Steve Cooper

Current position
- Title: Offensive coordinator
- Team: UCF
- Conference: Big 12

Biographical details
- Born: April 3, 1986 (age 40) Myrtle Point, Oregon, U.S.
- Education: Portland State University

Playing career
- 2004–2005: Southern Oregon
- 2005–2006: Oregon State
- 2007–2008: Portland State
- Position: Wide receiver

Coaching career (HC unless noted)
- 2009: Portland State (GA)
- 2010: Portland State (TE)
- 2011–2014: Portland State (WR)
- 2015–2017: Portland State (OC/QB)
- 2018–2020: Nebraska (OQC)
- 2021: Nebraska (Interim QB)
- 2022: Nebraska (Sr.OA)
- 2023: Maine (OC/QB)
- 2024: Boise State (Asst. to OC/QB/OA)
- 2025: UCF (OC/TE)
- 2026–present: UCF (OC)

= Steve Cooper (American football) =

American football coach (born 1986)

Steve Cooper (born April 3, 1986) is an American college football coach who is currently the offensive coordinator for the UCF Knights.

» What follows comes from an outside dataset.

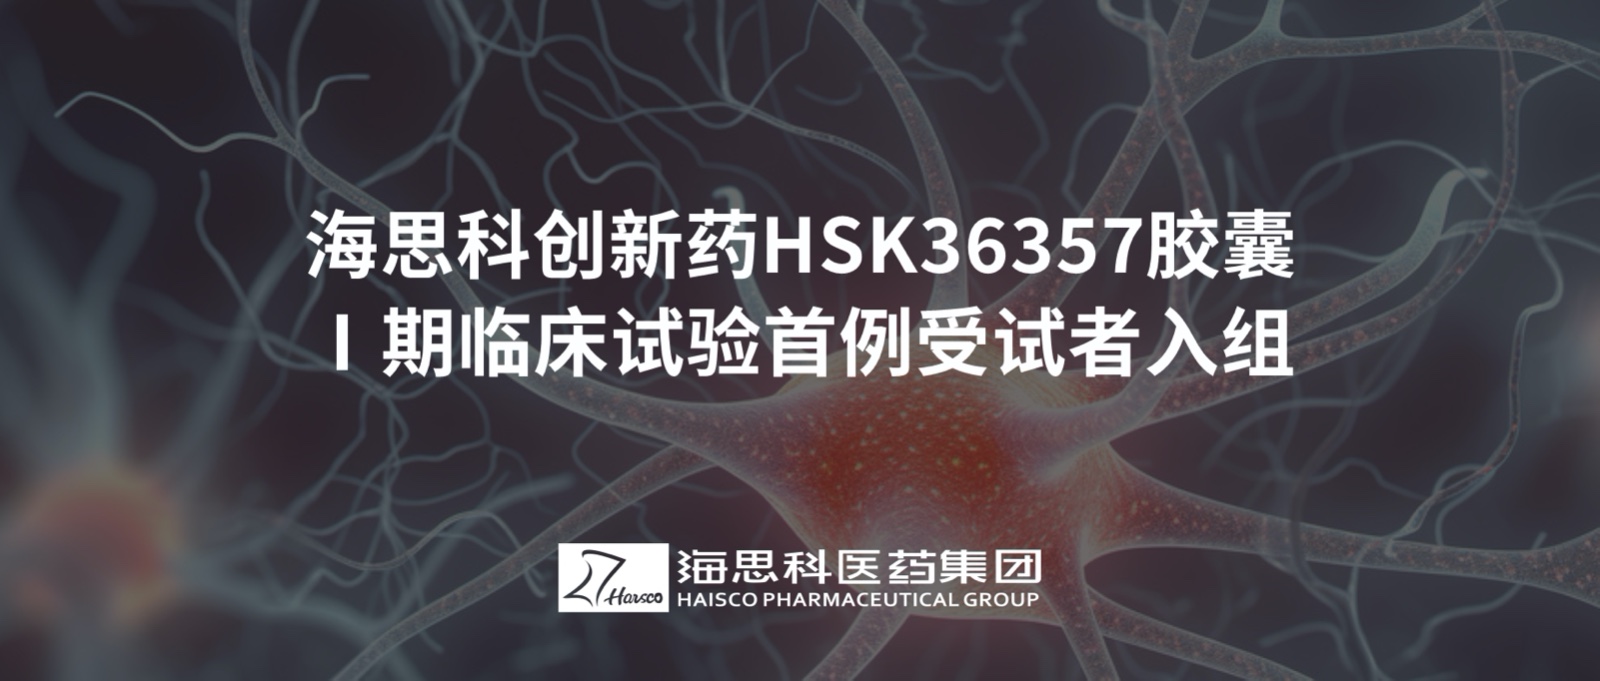 AG官方登录入口創新藥HSK36357膠囊Ⅰ期臨床試驗首例受試者入組
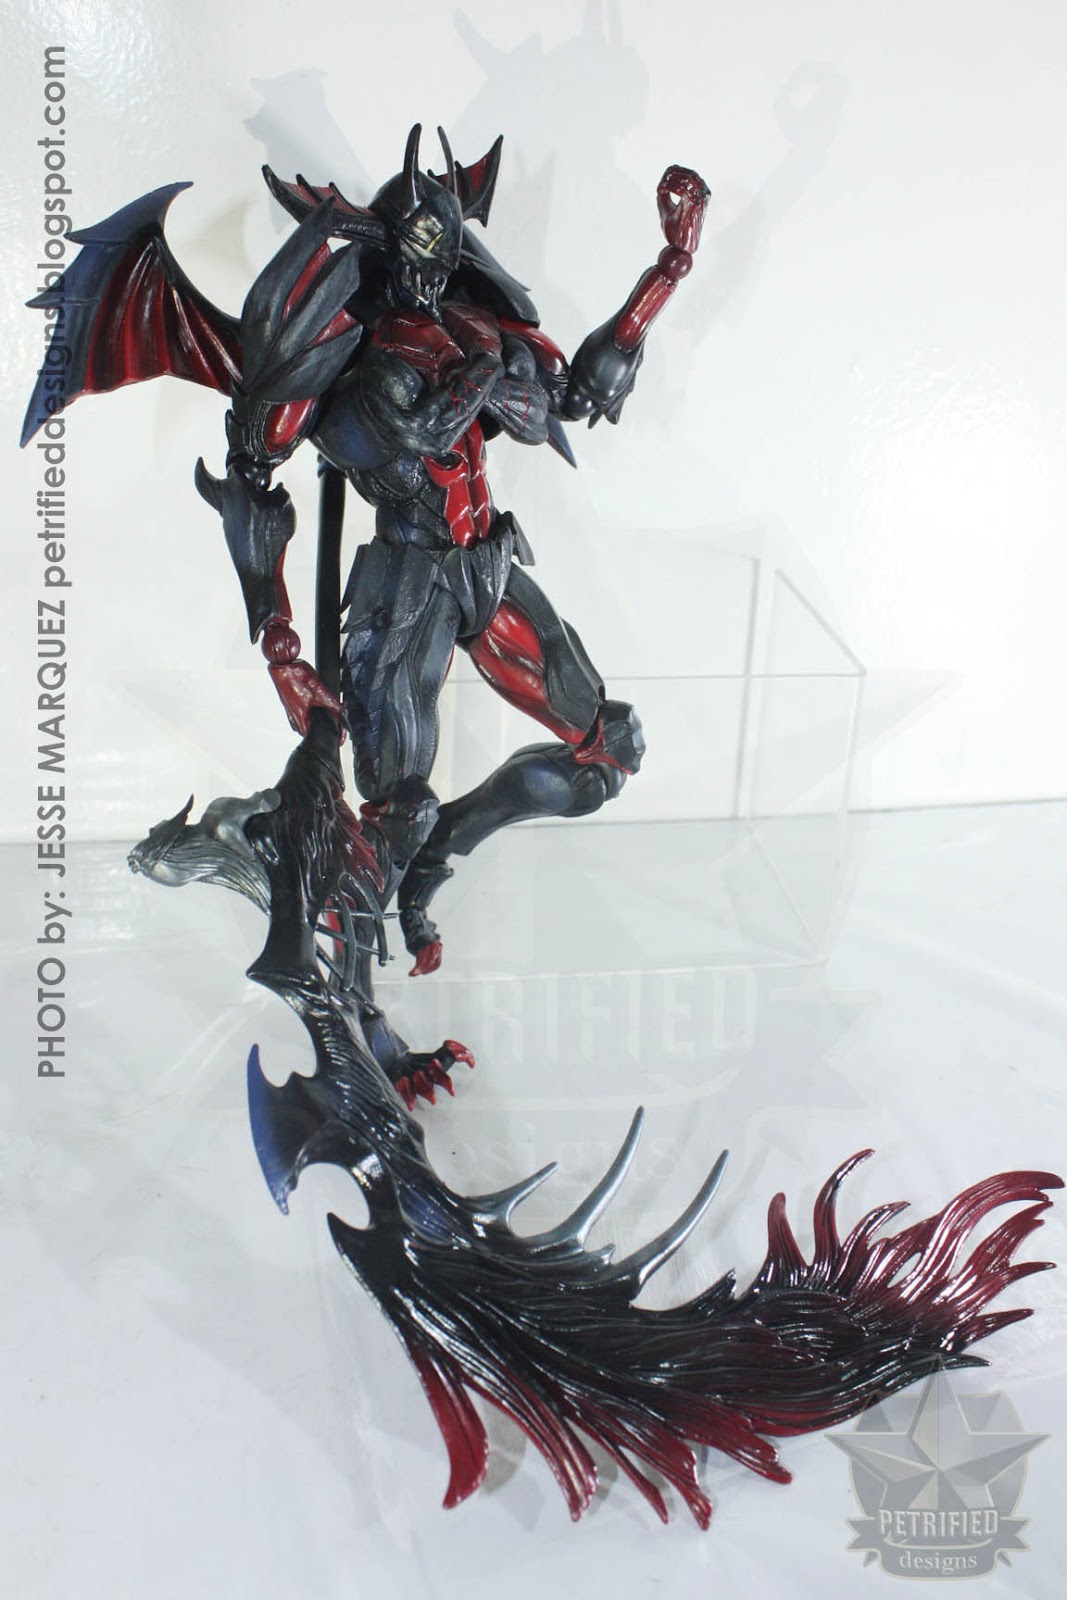 Square Enix Play Arts Kai Monster Hunter Diablos Armor Rage Set

He previously coached at Boise State in 2024, and has held coordinator roles at Portland State and Maine prior.

==Playing career==
Cooper began his collegiate career at Southern Oregon before transferring to Oregon State, where he was a member of the team in 2005 and 2006. He then transferred to Portland State, where he played wide receiver from 2007 to 2008. During those seasons, he was part of the top-ranked passing offense in the FCS. He graduated from Portland State in 2009 with a Bachelor of Science degree in philosophy.

==Coaching career==
===Portland State===
Cooper began his coaching career at his alma mater, Portland State, serving as a graduate assistant in 2009. He was promoted to tight ends coach in 2010, where he developed Julius Thomas, a former basketball player who had not played collegiate football prior, into an All-conference selection. Thomas was later drafted into the NFL by the Denver Broncos and earned two Pro Bowl honors. Cooper then coached the wide receivers from 2011 to 2014 before being elevated to offensive coordinator and quarterbacks coach in 2015, a role he held through 2017. In his first season as offensive coordinator, Portland State defeated Washington State (Pac-12) and North Texas (CUSA) —becoming the first FCS program to defeat two FBS teams in the same season since 2007. The 66–7 win over North Texas produced a 59-point margin of victory, the largest by an FCS team over an FBS opponent since the 1978 FBS/FCS division split. The Vikings made a playoff appearance that year and finished #10 in rankings.

===Nebraska===
In 2018 Cooper joined Scott Frost’s staff at Nebraska as an offensive quality control coach. He remained with the Huskers through 2022, serving as interim quarterbacks coach in 2021, when he also called plays for the final two games of the season, and served as senior offensive analyst in 2022.

===Maine===
Cooper was hired as offensive coordinator and quarterbacks coach at Maine in January 2023. Under his direction the Black Bears ranked 10th nationally in FCS passing offense.

===Boise State===
He spent the 2024 season as an offensive analyst, assistant to the offensive coordinator, and quarterbacks coach at Boise State, which won the Mountain West Conference title and earned a berth in the College Football Playoff as the No. 3 seed. That season featured Heisman Trophy finalist Ashton Jeanty, who won the Maxwell Award and Doak Walker Award.

===UCF===
On December 11, 2024, Cooper was named offensive coordinator at UCF under head coach Scott Frost. He also coached the tight ends during the 2025 season before focusing solely on the offensive coordinator role beginning in 2026.